采用直觀分析法，對芽增殖倍數(shù)這個指標(biāo)進(jìn)行分析。影響增殖倍數(shù)的指標(biāo)從主到次為：BA（極差3.90）、KT（極差1.10）、NAA（極差0.67）、基本培養(yǎng)基（極差0.63）。方差分析結(jié)果顯示：4個因素中因素D（BA）達(dá)到顯著水平（F＝32.819＞F0.05＝19.000）。均值（k）表明，最優(yōu)組合為A2B2C3D3，即WPM＋NAA 0.5 mg/L＋KT 2.0 mg/L＋BA 4.0 mg/L培養(yǎng)基，但本試驗中不含該組合，因為正交試驗是一種均一性試驗設(shè)計，不可能含所有處理組合[10-11]。但根據(jù)表1仍可選出較好的處理組合A1B3C3D3，即MS＋NAA 1.0 mg/L＋KT2.0 mg/L＋BA 4.0 mg/L，也可達(dá)較好的增殖效果，增殖率為5.5。

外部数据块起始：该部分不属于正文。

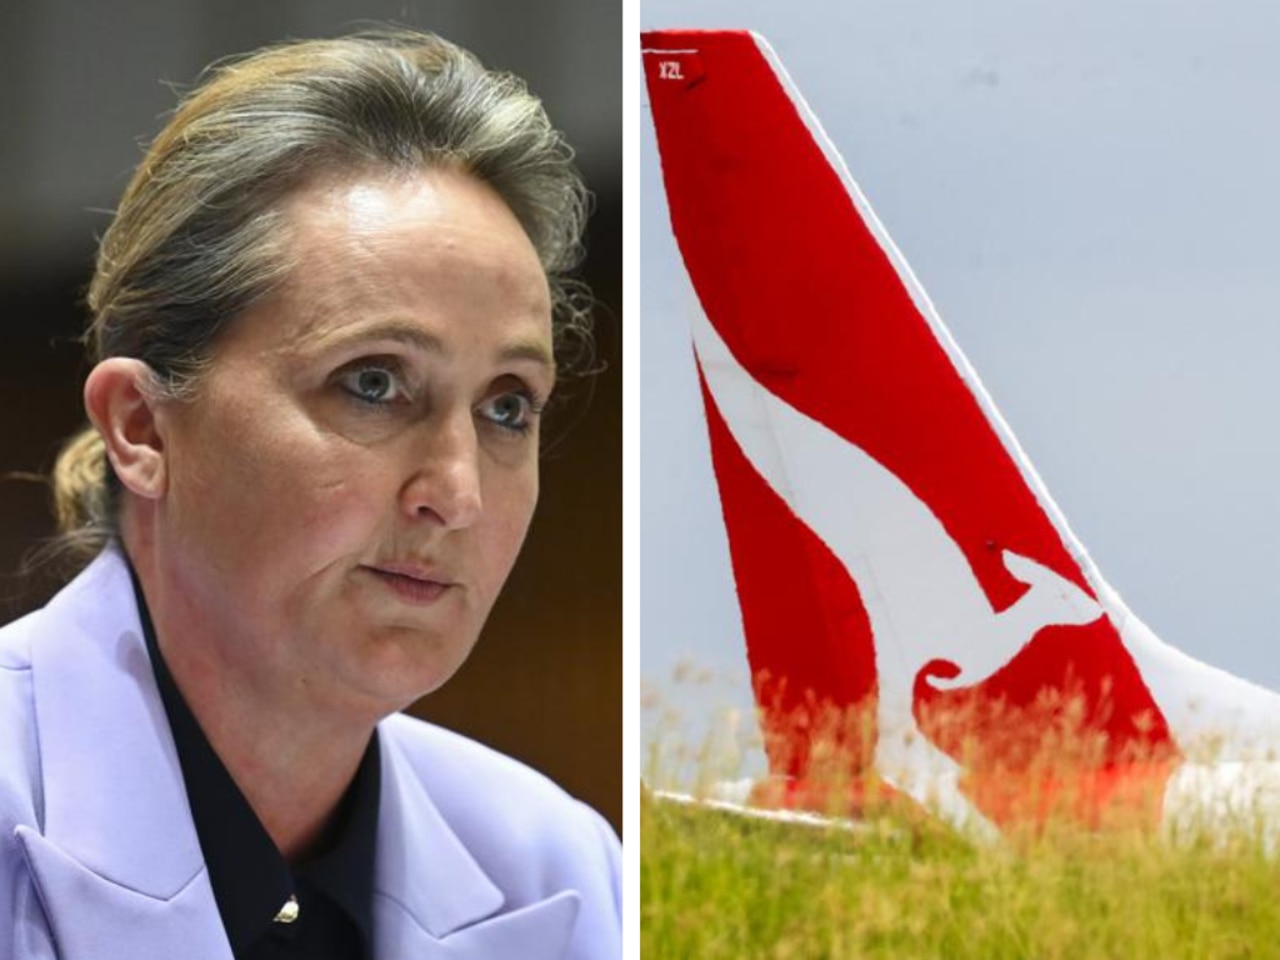 ‘Cutthroat’: Qantas slammed after collapse

表2 培養(yǎng)35 d時芽平均增殖倍數(shù)和芽長Table 2 Bud proliferation coefficient and length after 35 days

采用直觀分析法，對芽長這個指標(biāo)進(jìn)行分析。影響芽長的指標(biāo)從主到次為：NAA（極差0.867）、KT（極差0.733）、基本培養(yǎng)基（極差0.466）、BA（極差0.400）。方差分析結(jié)果顯示：4個因素均未達(dá)到顯著水平。均值（k）表明，最優(yōu)組合為A2B3C3D1，即WPM＋NAA 1.0 mg/L＋KT 2.0 mg/L培養(yǎng)基，櫸樹繼代芽可以達(dá)到較好的抽長效果。

2.2 抗氧化劑和吸附劑抑制褐化的效果

在培養(yǎng)基中加入抗氧化劑或活性炭，對防止某些植物培養(yǎng)物的褐變具有一定的效果。3種抗氧化劑和吸附劑抑制繼代芽褐變的效果見表3。結(jié)果表明，2.0 g/L PVP具有良好的抑制繼代芽褐變的作用，加入該物質(zhì)后，繼代芽幾乎無褐化現(xiàn)象發(fā)生。即使偶爾出現(xiàn)少量褐化，也只發(fā)生在葉片，對芽體生長無明顯損害。15 mg/L Vc對繼代芽褐化無明顯抑制作用。而添加2.0 g/L AC，也對繼代芽的褐化無抑制作用（見圖5），芽體在添加活性炭的培養(yǎng)基中褐化，繼代芽在添加活性炭的培養(yǎng)基中前期生長健康，葉片顏色轉(zhuǎn)為深綠色，但培養(yǎng)15 d后繼代芽會出現(xiàn)明顯玻璃化的現(xiàn)象（見圖6）。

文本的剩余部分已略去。